For Those of You Terrified Of Hydrogen Powered Cars

Better stay out of Los Angeles!

:smiley:

Wonder if this’ll work or turn out to be a boondoggle?

I just want a fuel cell powerplant for my '94 Jeep Wrangler - then I’ll be a happy man.

I want one for my Ford Pinto.

And in a stunning turn of events, Honda has made a car that is vastly better-looking than Mercedes. Go figure.

It’s eating at my brain. I must release this crappy joke upon the rest of the world:

So when the cars of city employees explode will bystandards scream out “Oh the Hahnmanity!”
Seriously, 220 miles per fillup is pretty good for a Model T. If all it needs is hydrogen, we won’t even need fillup stations. It will be possible to build your own little hydrogen pump right there in the garage.

Sadly, I misread this as relating to a fear of hydrogen-powered cats

:slight_smile:

As for cars, well there are all pretty scary!

Wow, imagine how hydrogen powered cats could chase birds…and they could ridicule dogs with impunity.

      • One question I have about nearly every “hydrogen is the perfect alternative fuel” articles is, why is hydrogen referred to as “free”? Where is there any place on Earth to get free liquid hydrogen? Where on Earth does liquid hydrogen bubble up out of the ground every time you drill a hole?

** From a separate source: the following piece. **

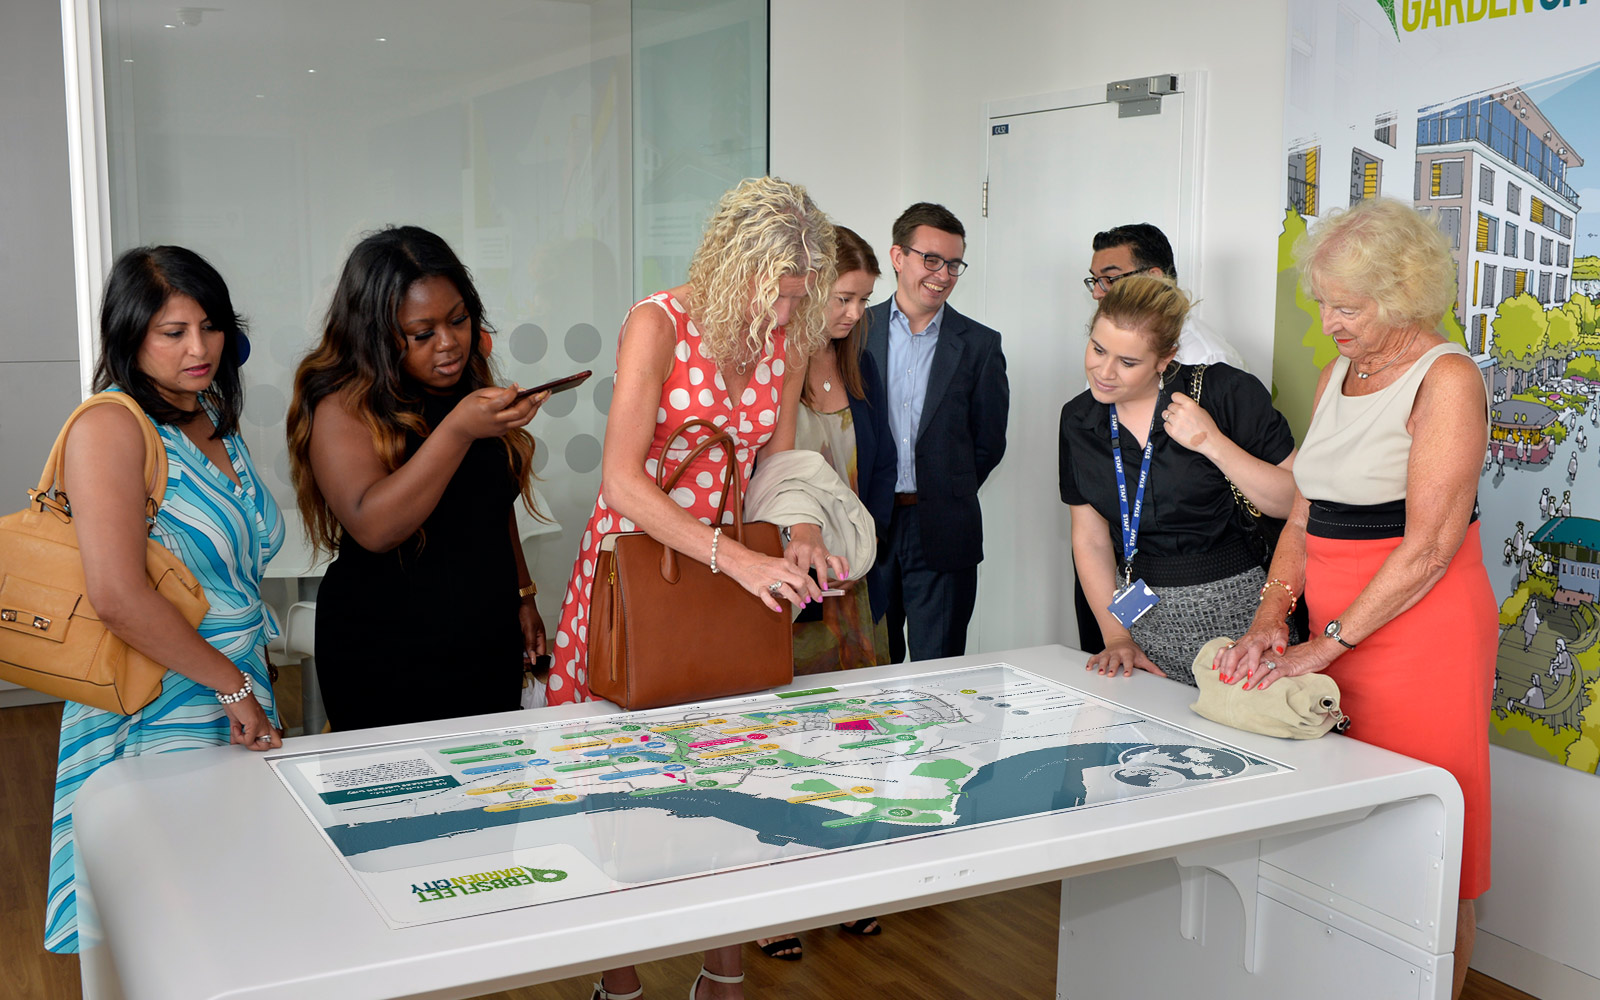 group of people smiling and interacting with ebbsfleet touchscreen display on white table in office

Hydrogen is abundant, but for most of these proposed solutions we need the pure stuff, and most of the hydrogen within our reach is already stuck to something…?
~

I think it is free as in free of pollutants.

I was worried about that as well, DougC… but then I realized that instead of looking on it as a fuel, it’s better to look on it as a very efficient battery.

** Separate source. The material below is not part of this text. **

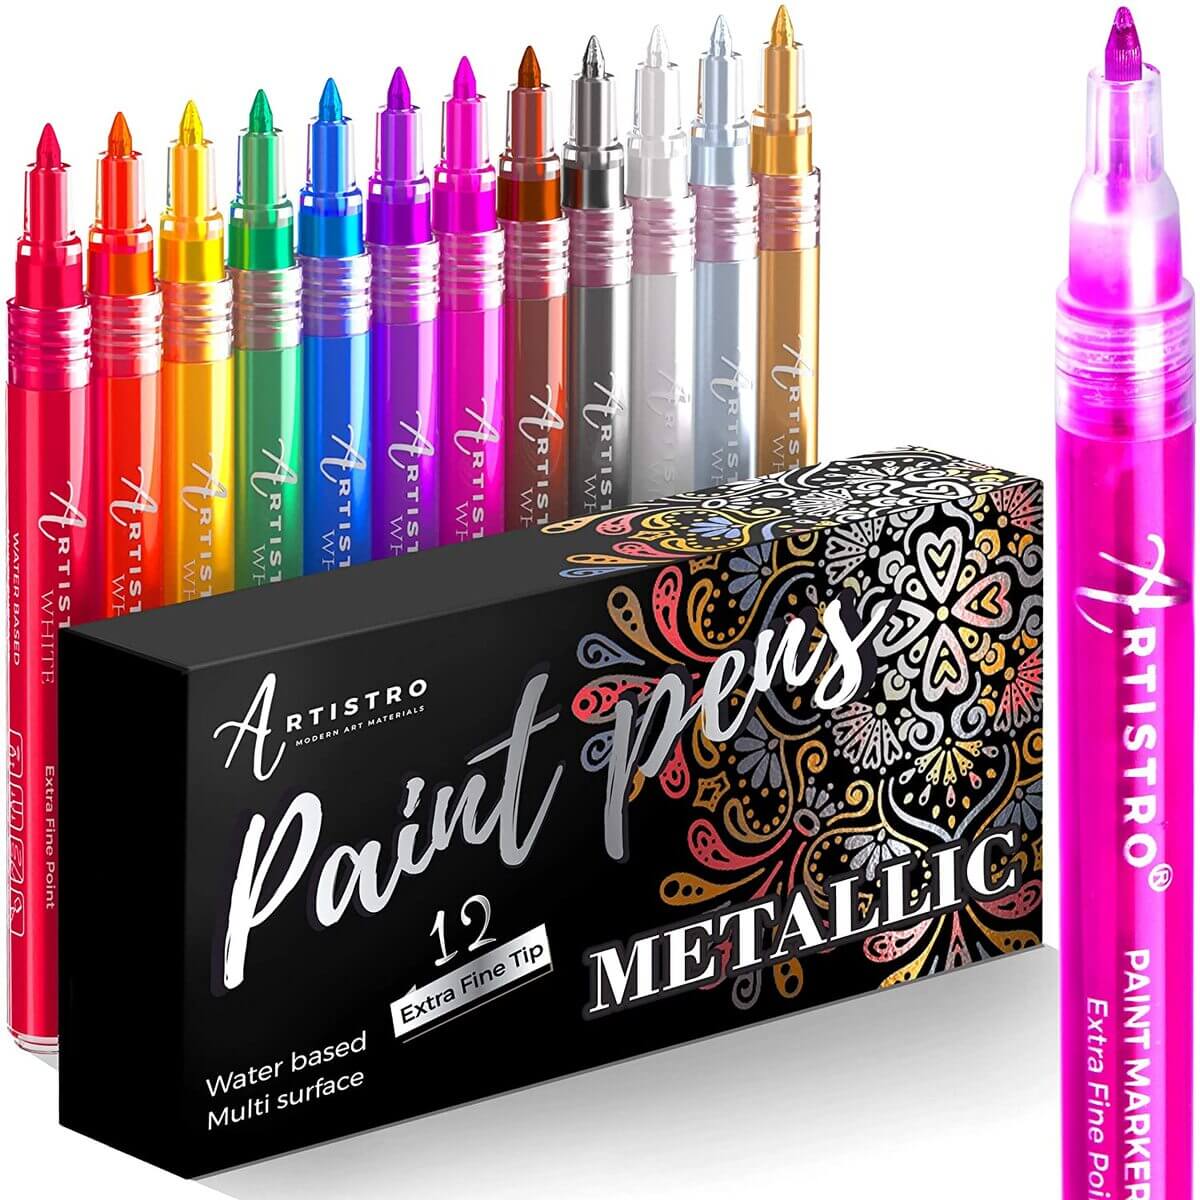 Metallic Paint Marker Pens for Artists for sale

The problem is that currently, there’s no good way to store electrical energy. When we’ve got hydrogen fuel cells, and they’re common, we’ll be able to generate electricity by nice, safe, renewable means- like solar, wind, wave, etc., and then store that energy as hydrogen, by cracking good ol’ water.

      • I think there’s only three problems here: the vast scale of petroleum consumption it is proposed that hydrogen replace, the generally low outputs of any available alternative-energy system, and the tiny efficiencies with which water can be electrically separated.
  • By the by, wasn’t it Calilfornia that mandated 10% of all cars be electric by 2002? So, how many cheap, efficient electric cars are zipping around out there now? Or do the people elected who come up with these bong-dream laws just not know wtf they are talking about?
    ~

It burst into flames! Oh, the humanity!

Terrified? Not unless they fit one of these engines into the body of a red '58 Plymouth Fury.